(INFORMATION PROVIDED)

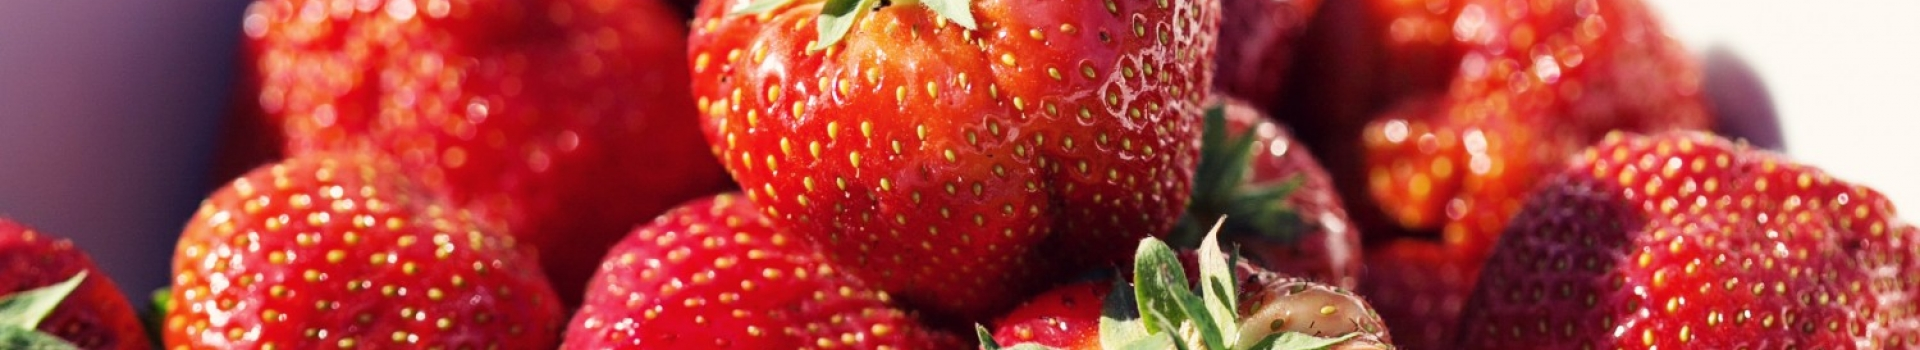 بهترین نوع بوته توت فرنگی چهارفصل کدام است ؟
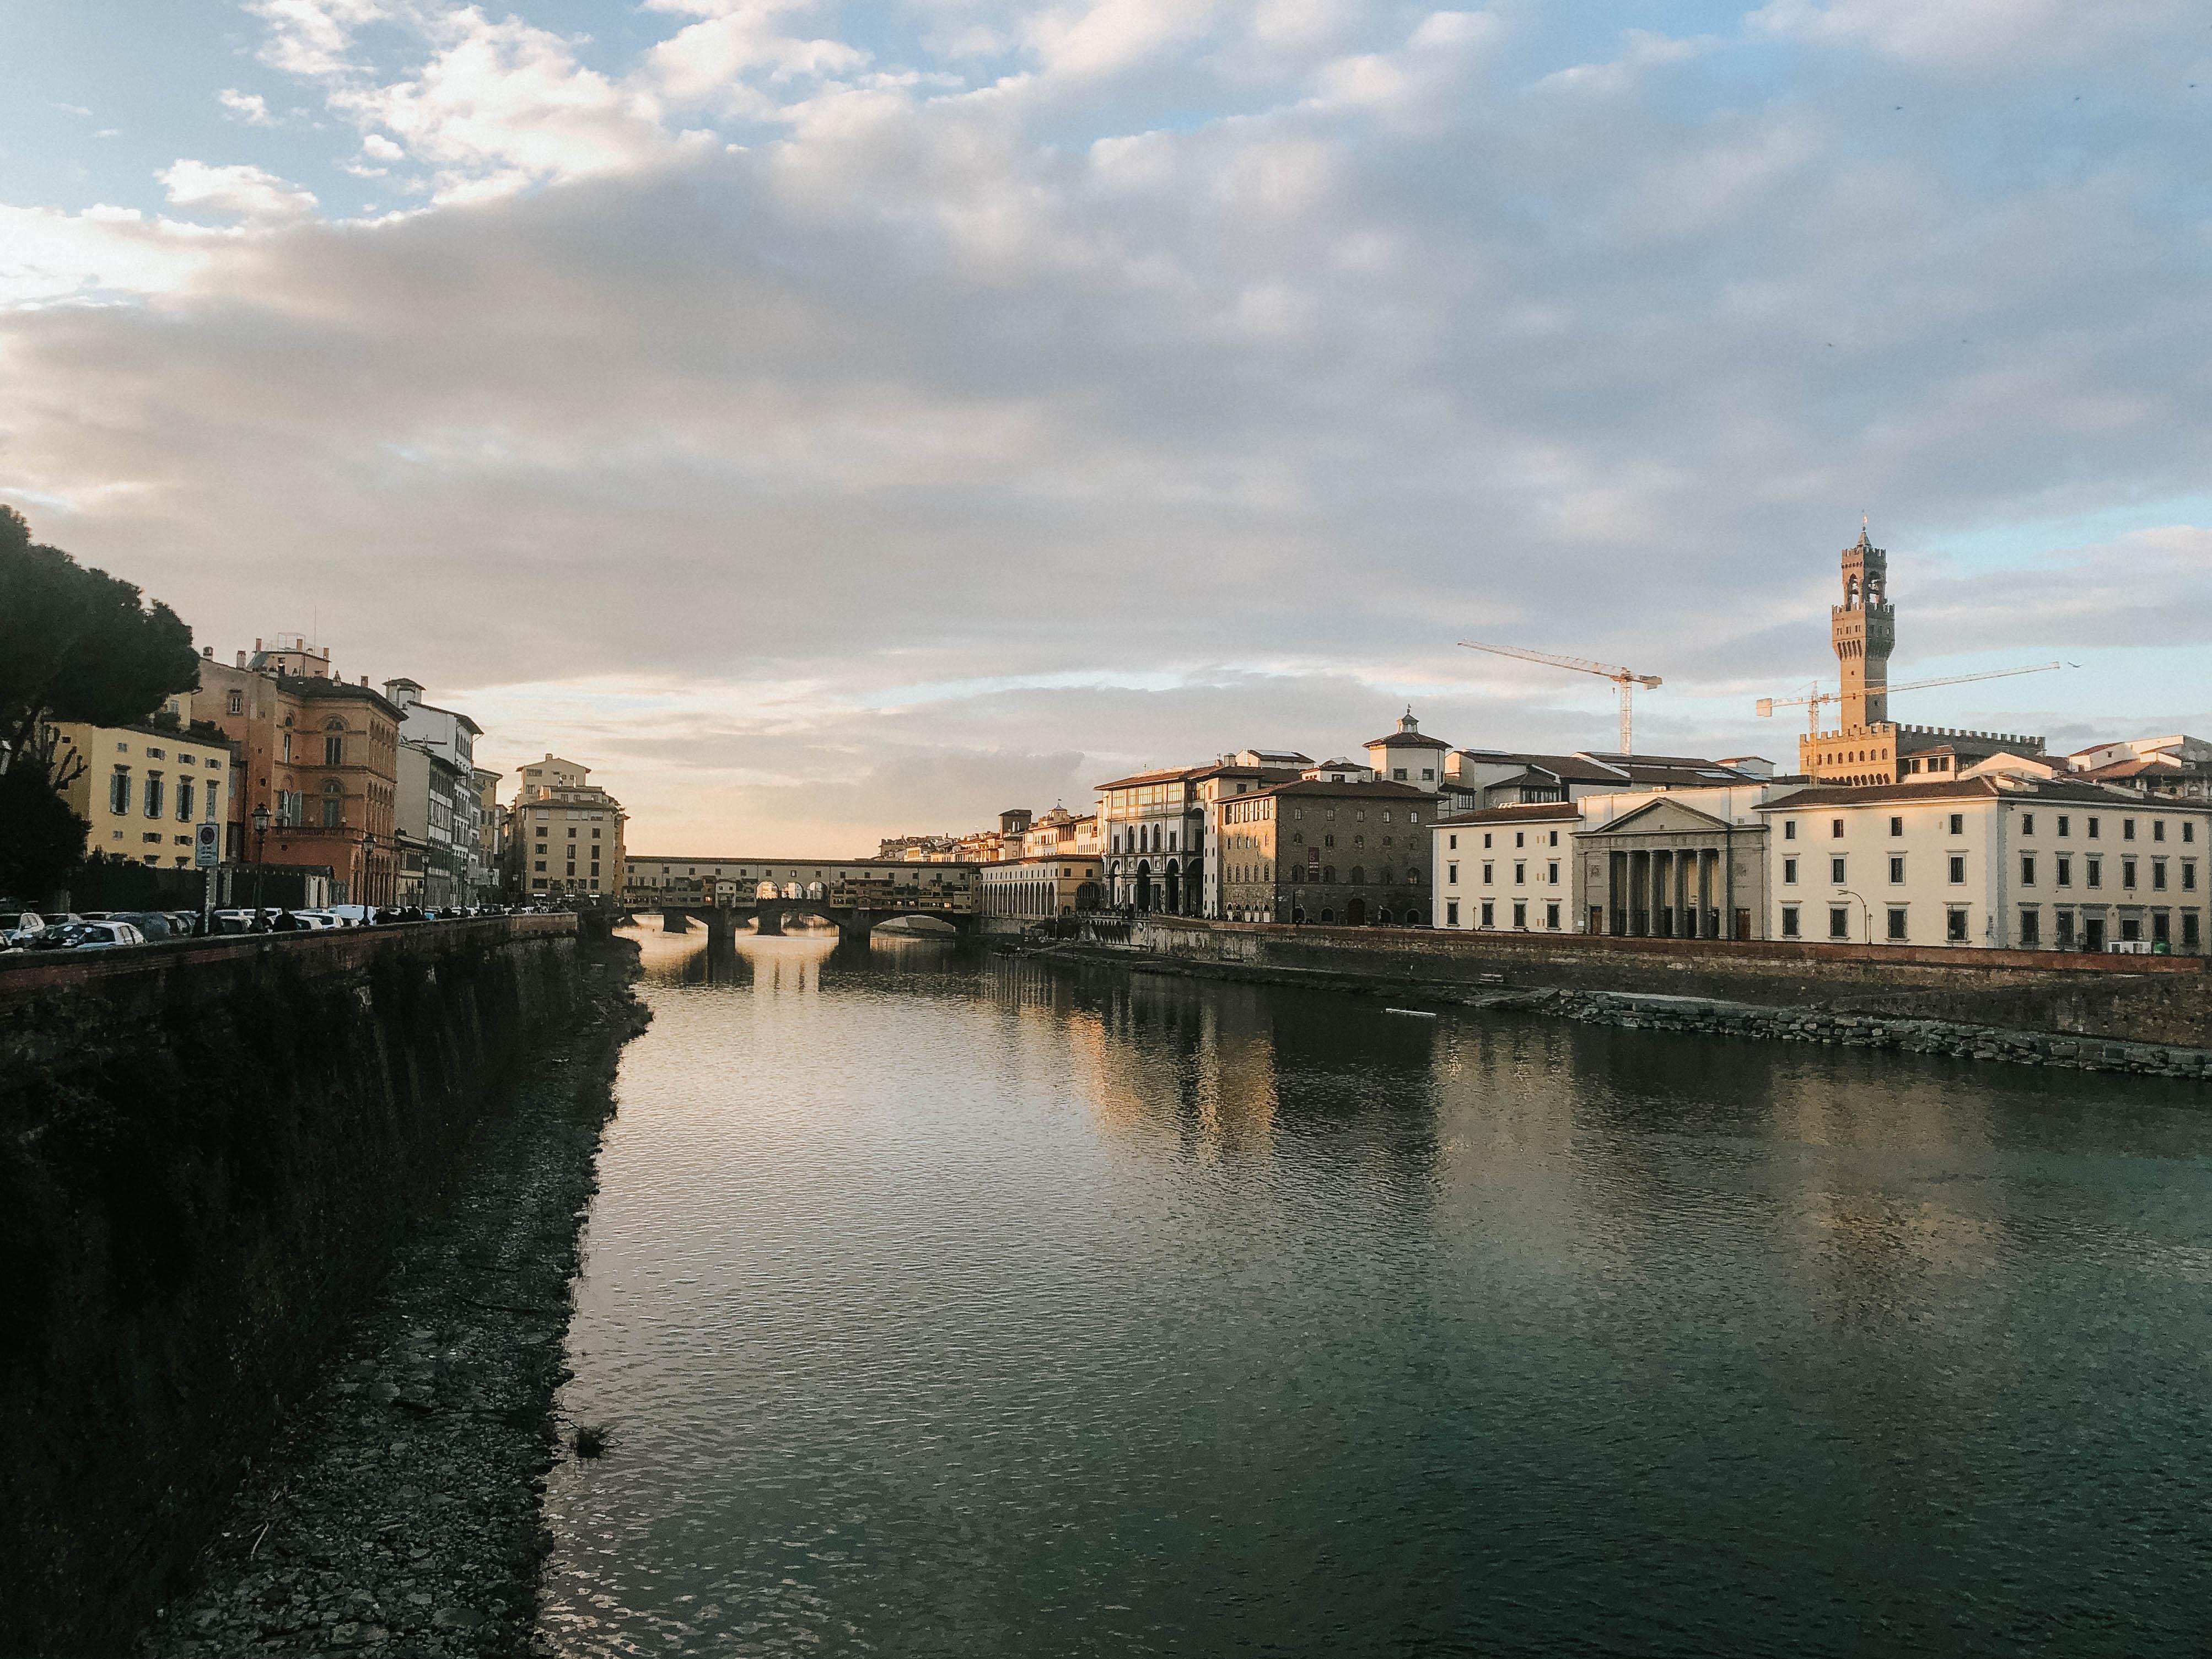 Life in Italy quarantine
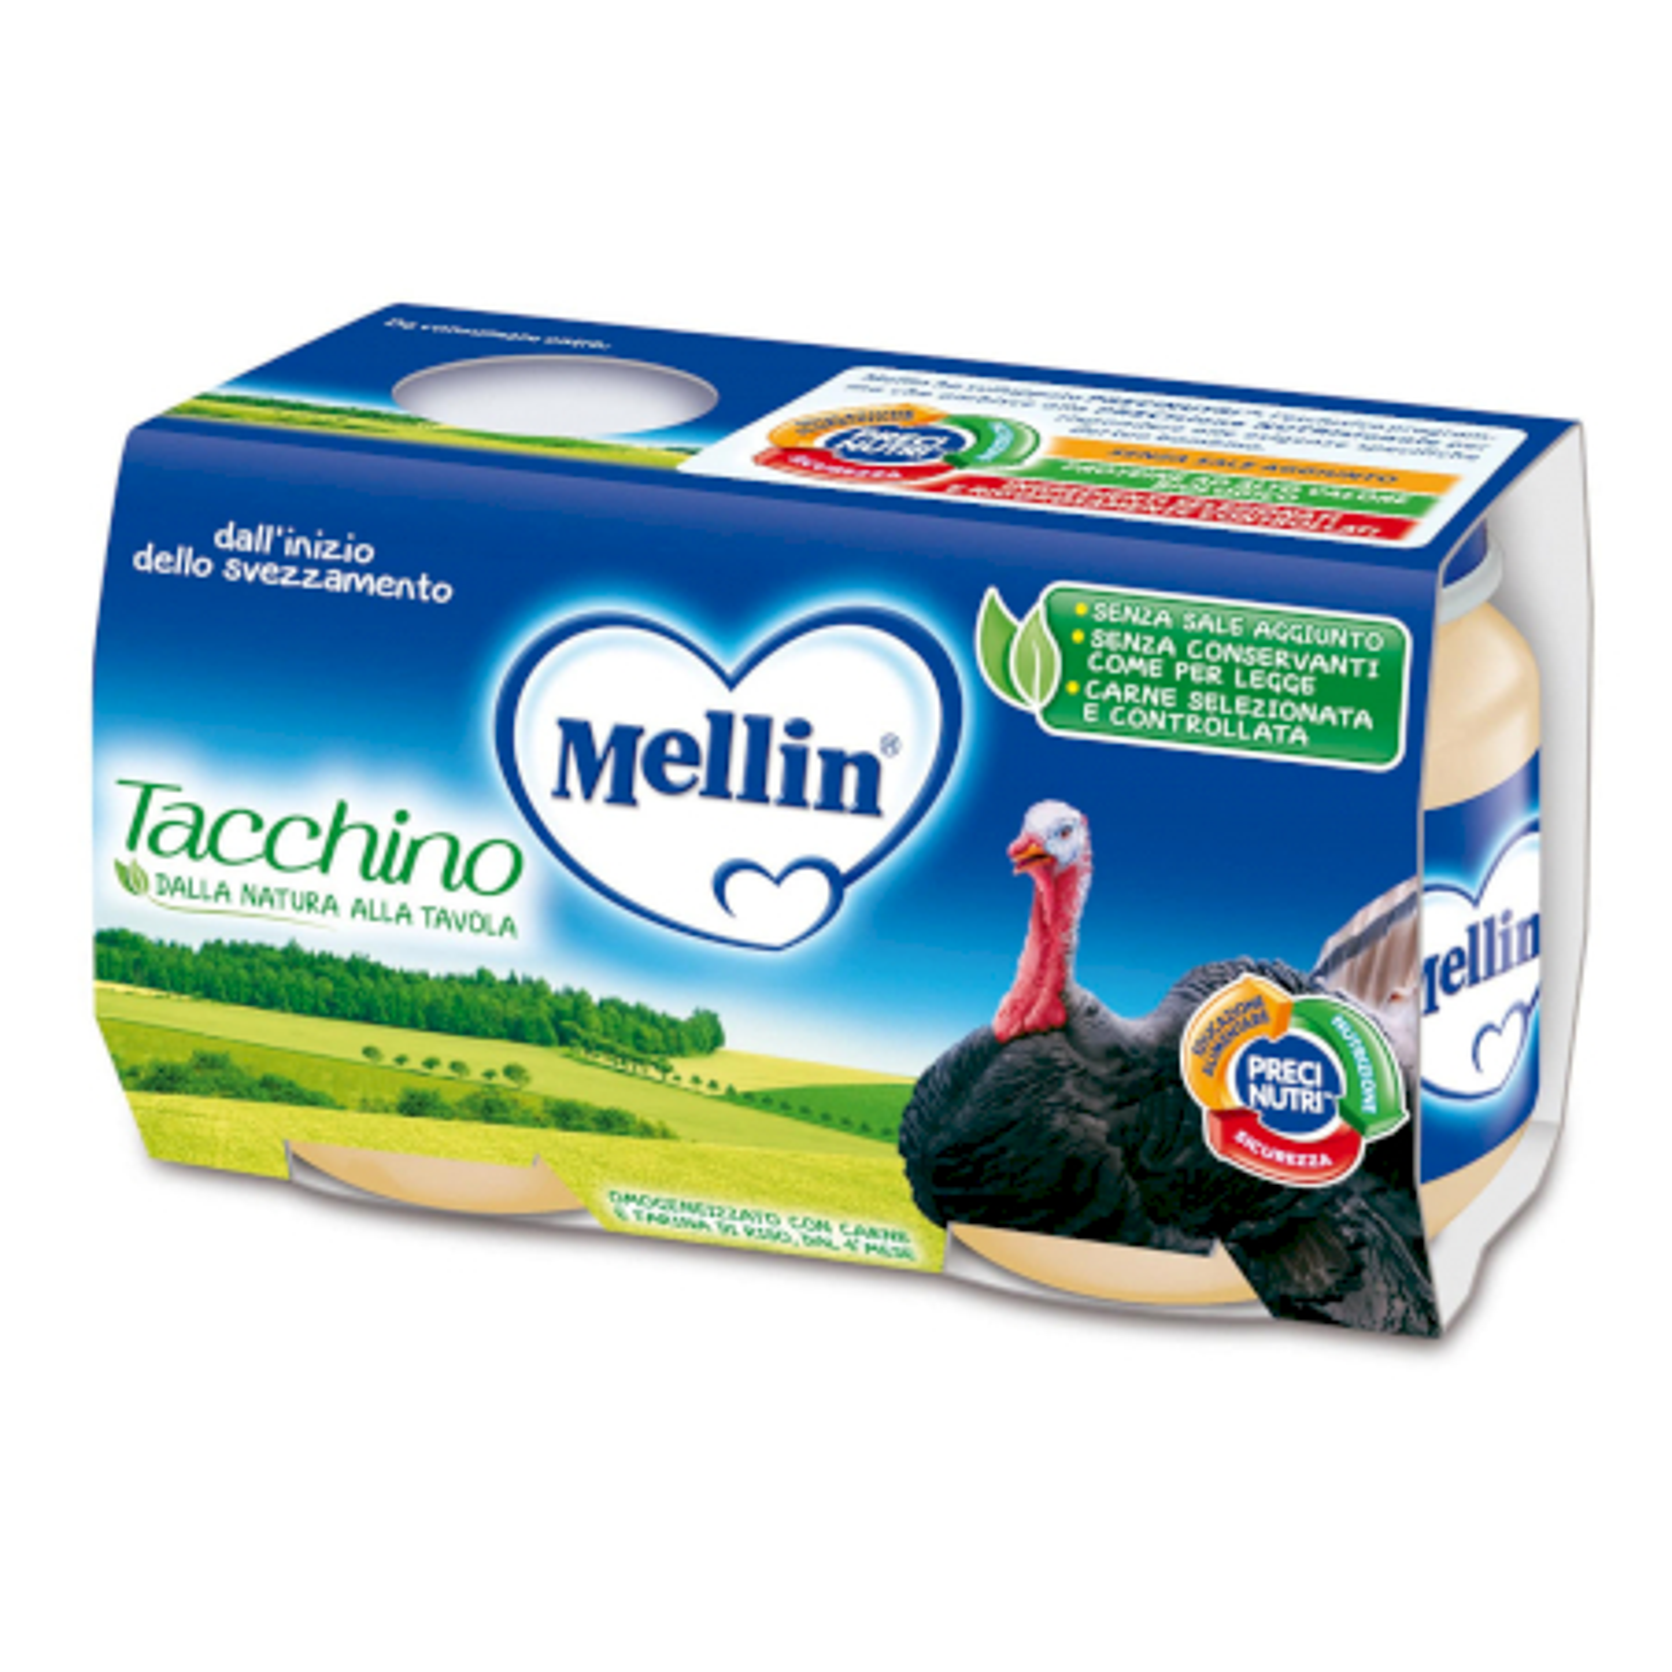 Omogeneizzato Tacchino Mellin - 2 x 120 g

(End INFORMATION PROVIDED)

→ WORK TASK: An exact reproduction of the data above is required, with every picture removed.

→ SOLUTION:
 بهترین نوع بوته توت فرنگی چهارفصل کدام است ؟
 Life in Italy quarantine
 Omogeneizzato Tacchino Mellin - 2 x 120 g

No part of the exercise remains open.